Track VPN User Sessions

bluem9000 · ‎06-10-2013

Hello,

Currently we user Cisco VPN Clients for remote access. Is it possible to track/log all sessions when users connect and disconnect?

Cisco Adaptive Security Appliance Version 8.2 (1)

Device Manager Version 6.2 (1)

Hardware: ASA5510

Thanks...J

guibarati · ‎06-10-2013

This is one option,

The ASA will send an email for noc@xxx.com when a vpn is connected.

logging from-address asa5510@xxx.com

logging recipient-address noc@xxx.com level debu

logging list lista_email message 713120

logging list lista_email message 111008

logging list lista_email message 113019

logging list lista_email message 722033

smtp-server 1.1.1.1

logging mail lista_email

!!!!!!!!!!!!!!!!!!!!!!!!!!!!!!!!!!!!!!!!!!!!!!!!!!

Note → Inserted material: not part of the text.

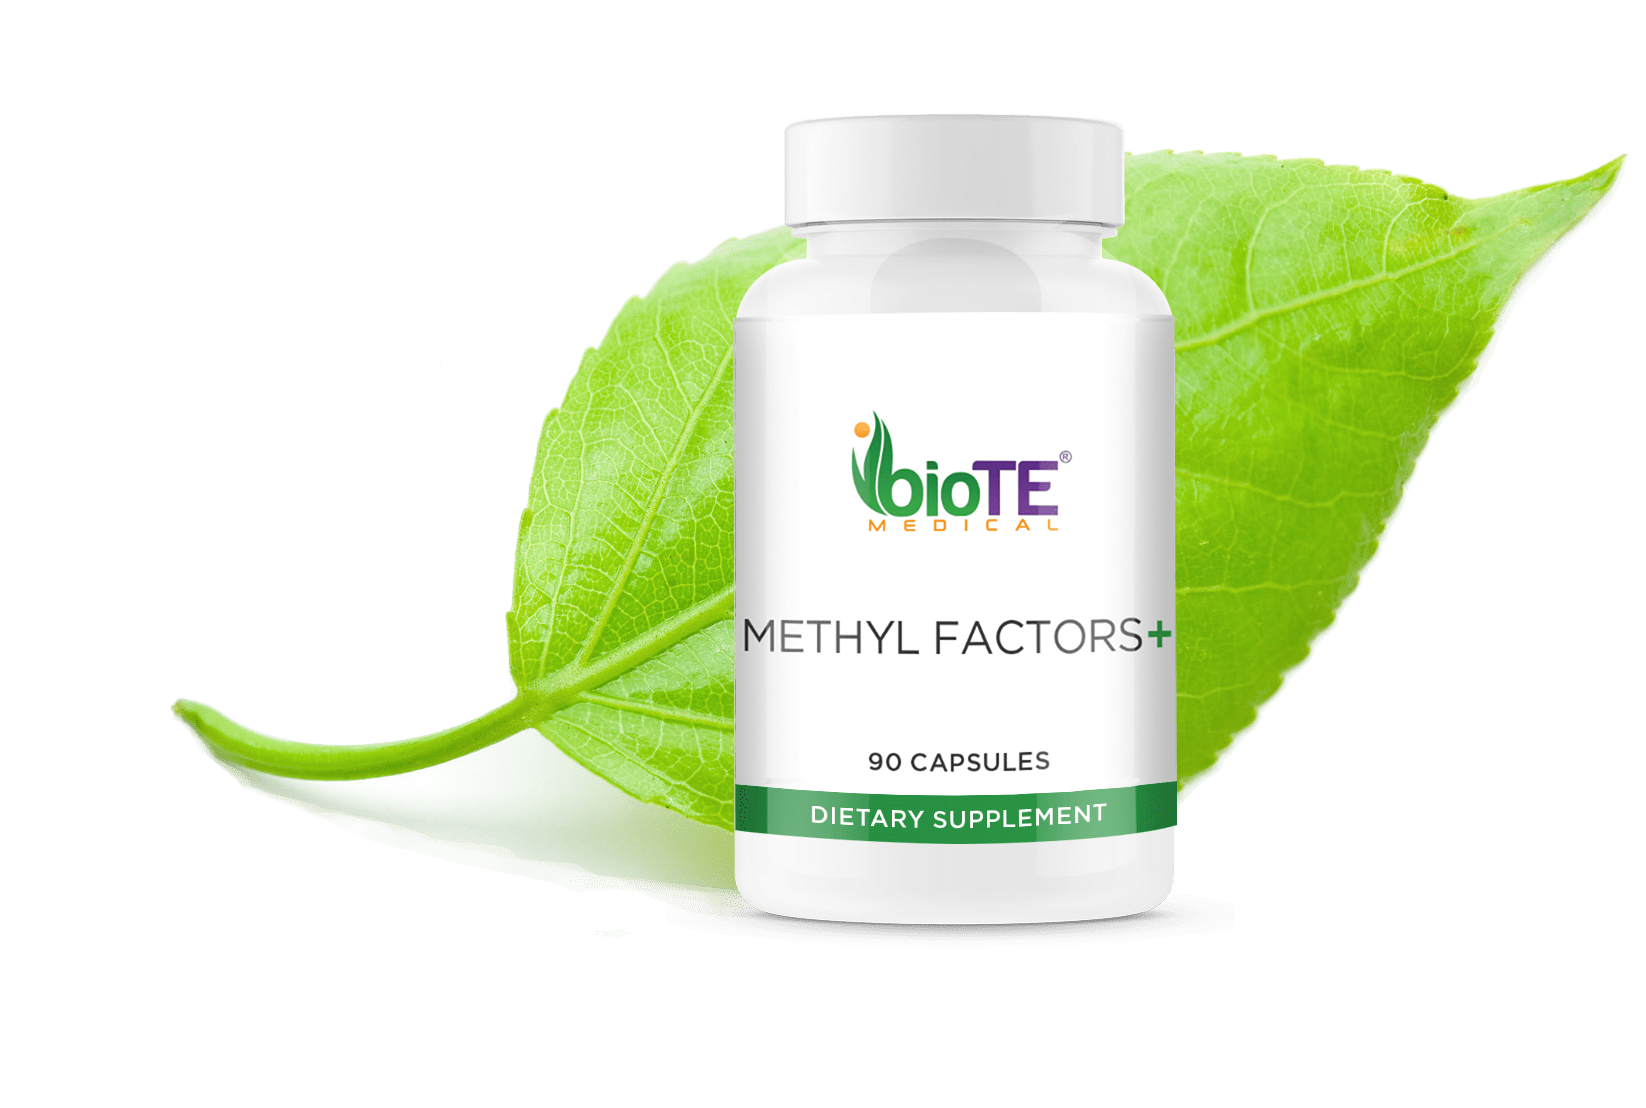 06_Nutraceuticals_DT_Products_Methyl Factors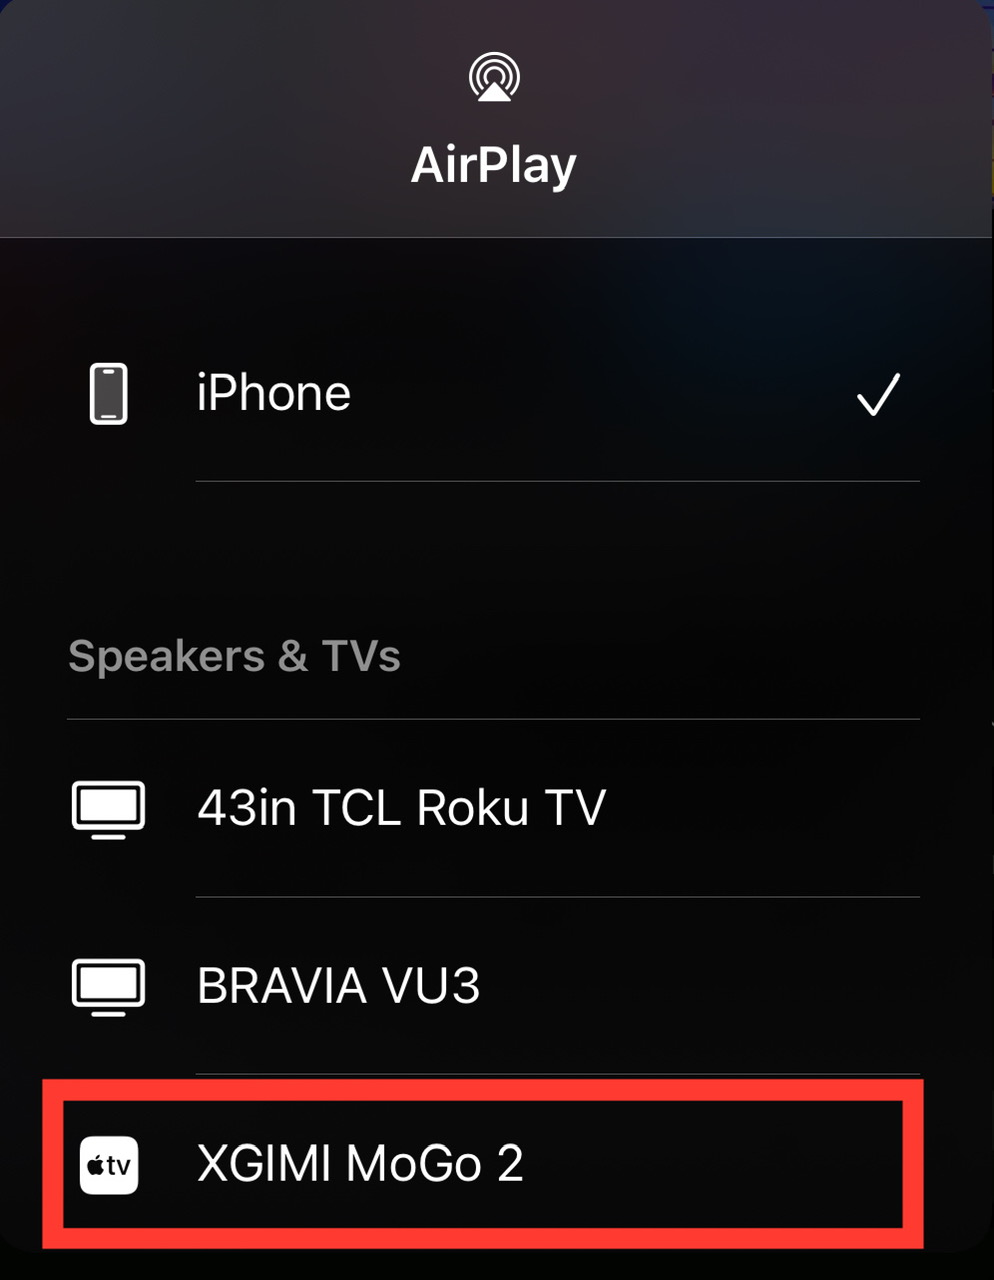 xgimi mogo 2 is highlighted on the airplay list

You could also send this to a syslog server:

logging trap lista_email

logging host inside 1.1.1.2

guibarati · ‎06-11-2013

Hi, did you have the chance to try it?

bluem9000 · ‎06-13-2013

Hello,

Thanks for the reply, but I prefer to not get an email when each user connects to VPN. I am looking for a format where the file captures all connect and disconnect sessions with dates and time. Management is looking to see which users are connecting to VPN since few are working from home.

Since our users are using their AD to authenticate can I capture the info on the domain controller?

Thanks...

guibarati · ‎06-13-2013

You can use the second option on the post and send the information to a syslog server.

If your ASA is using RADIUS to validate the username/password you will have the information of what time they connect on your event viewer.

Windows 2003 will have the information under "system" on event viewer.

Windows 2008 will have it under a custom view for the NPS service.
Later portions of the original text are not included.